View Single Post
  #38   Report Post  
Posted to sci.electronics.design,sci.electronics.repair,sci.electronics.basics
Jan Panteltje Jan Panteltje is offline
external usenet poster
 
Posts: 102
Default low cost thermocouple DAQ that works with ubuntu linux tia sal22

On a sunny day (Sat, 04 Dec 2010 14:09:56 -0500) it happened Phil Hobbs
wrote in
:

Jan Panteltje wrote:
On a sunny day (Sat, 04 Dec 2010 12:32:34 -0500) it happened Phil Hobbs
wrote in
:

signal. If you rip an electret mic apart, you'll find that it is
metallized on both sides, and the signal is taken between the plates.

It really isn't a capacitance microphone, although its audio
characteristics are somewhat similar. The plates don't move together,
and there's no net field anyway, even if they did. The physics is the
change in the electric polarization due to strain in the material--i.e.
a poled piezoelectric.


Snipped PhD confusion

I do not think that is correct.
http://en.wikipedia.org/wiki/Electret_microphone
Scroll to the bottom, there are 3 types of electret mikes described.
The second one described has the electret film fitted to the backplate, where it does *NOT MOVE AT ALL*.
The third one has the film on the inside front cover where it does *NOT MOVE EITHER*.
That sort of nullifies your argument about strain, except on your mind of course.


insert clue here



We're now in violent agreement, I see.


Oh no.



I didn't mean "move in the same
way", but "move closer together", i.e. the spacing doesn't change, so it
can't be a capacitance mic. Clumsily put, admittedly, but the rest of
the argument should have removed the ambiguity.
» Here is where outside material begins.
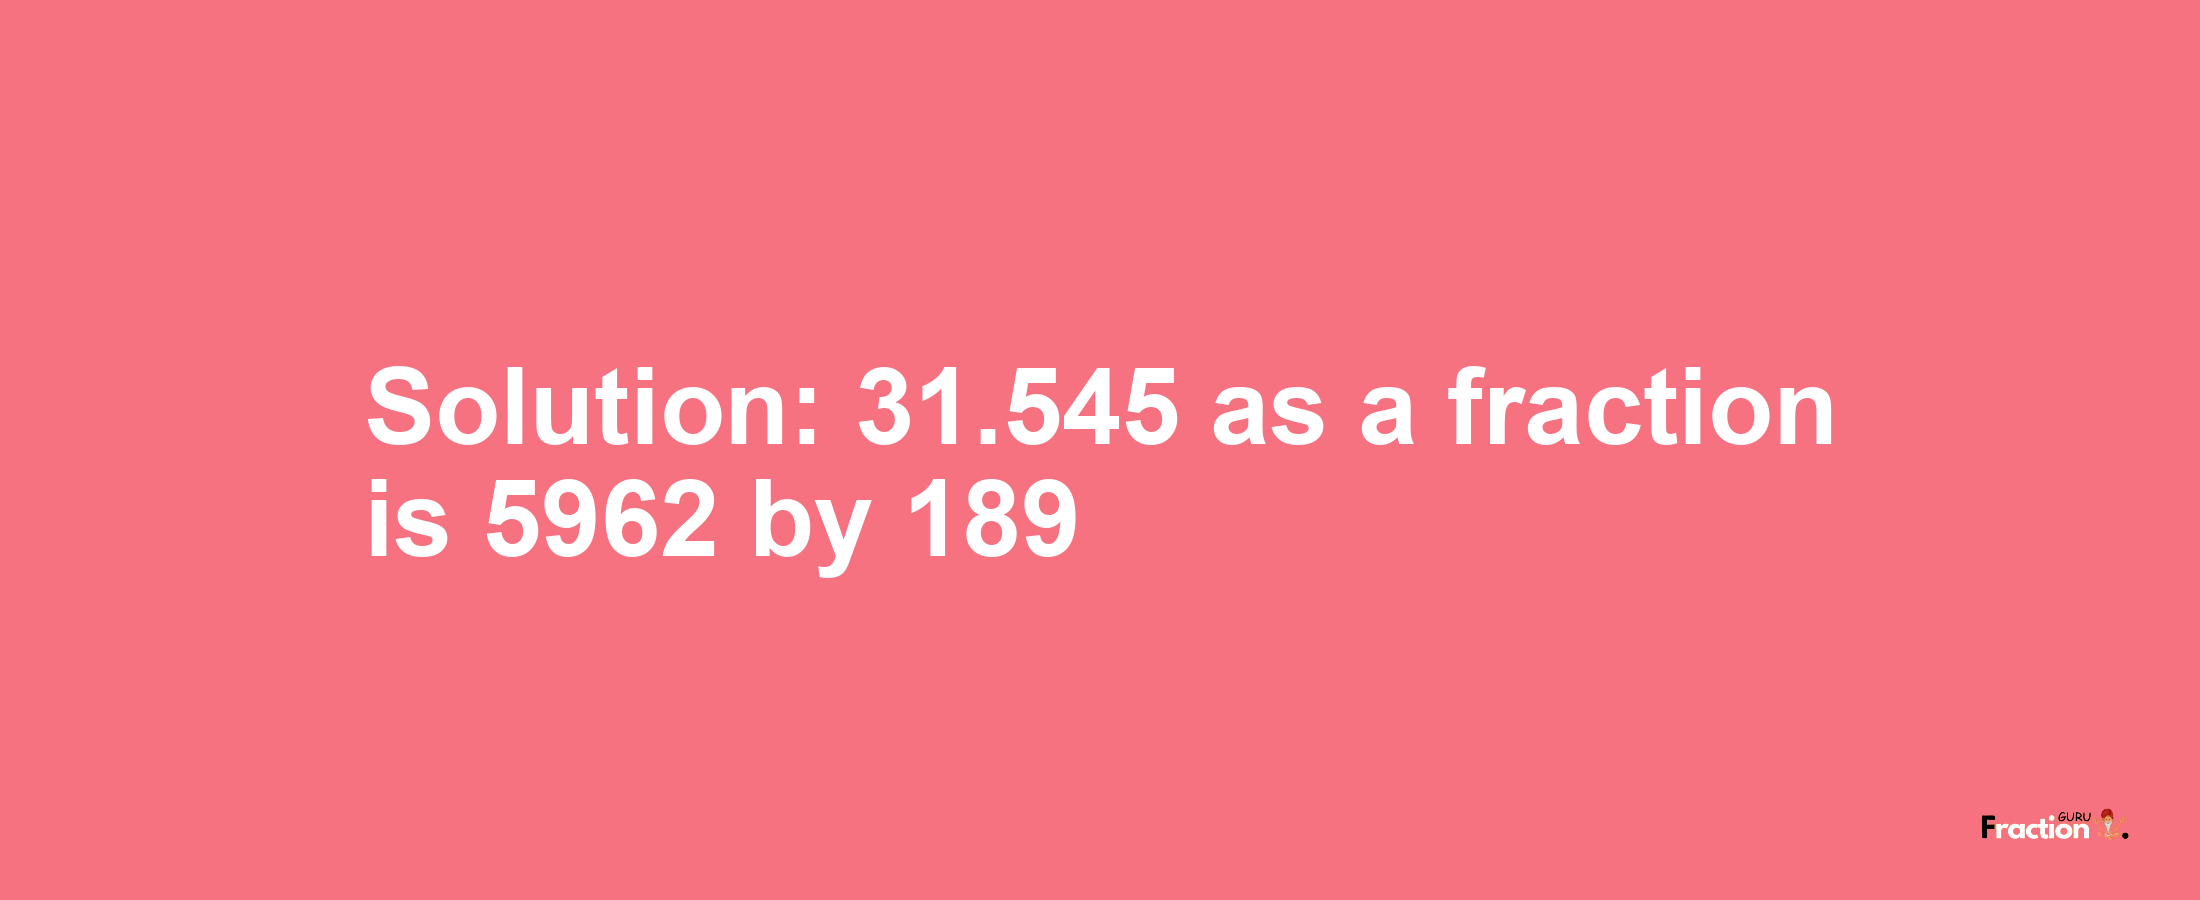 Solution:31.545 as a fraction is 5962/189

Electret mics are not
capacitance mics.



It all depends, apart from the issues of ego and losing face,
for a man it is better to admit he is wrong, simply, at times, a pussy will blow
smoke and go side-paths.
You show how much you know about piezo, but this was about electrostatics.
Apples and oranges.

Let's look a bit closer.

If you take 'capacitor mike' literally, as one MIGHT do,
then neither the capacitor mike, nor the electret mike, really uses the CAPACITANCE.
One could make a 'capacitor mike' by making a tuned circuit (LC) oscillator, and have one fixed and one moving membrane
form a capacitor, and the frequency would change under influence of the capacitance,
so under the influence of the membrane moving, so under the influence of air pressure changes, say audible sound
if it is in the air pressure changes occur in the right frequency range.
There is a square in there somewhere, so it would not be all that linear over a large movement.
Once could use a FM radio to detect this if the circuit was made to oscillate in the FM band.
Maybe the correct word here is 'parametric'.

Then there is the real 'capacitor mike' as we call it, and that is actually an 'electrostatic mike',
http://en.wikipedia.org/wiki/Microphone
where something moves RELATIVE TO (old Einstein ;-) something else, where one of the objects carries a charge.
This is the SAME in the 'capacitor mike' and the 'electret mike'.

The difference is that the capacitor mike needs an external supply for the voltage,
and the electret uses a polarised film, so needs no external supply, simpler, cheaper, better,
no hum, no filtering problems.

So for all practical purposes, and all theoretical purposes, we can compare a 'capacitor mike'
with an 'electret mike', as both use exactly the same mechanism.
Thank you for your attention and have a nice day.

PS
There are also electrostatic speakers, Quad comes to mind as a manufacturer.
Very much HiFi.
I have even listened to electrostatic headphones.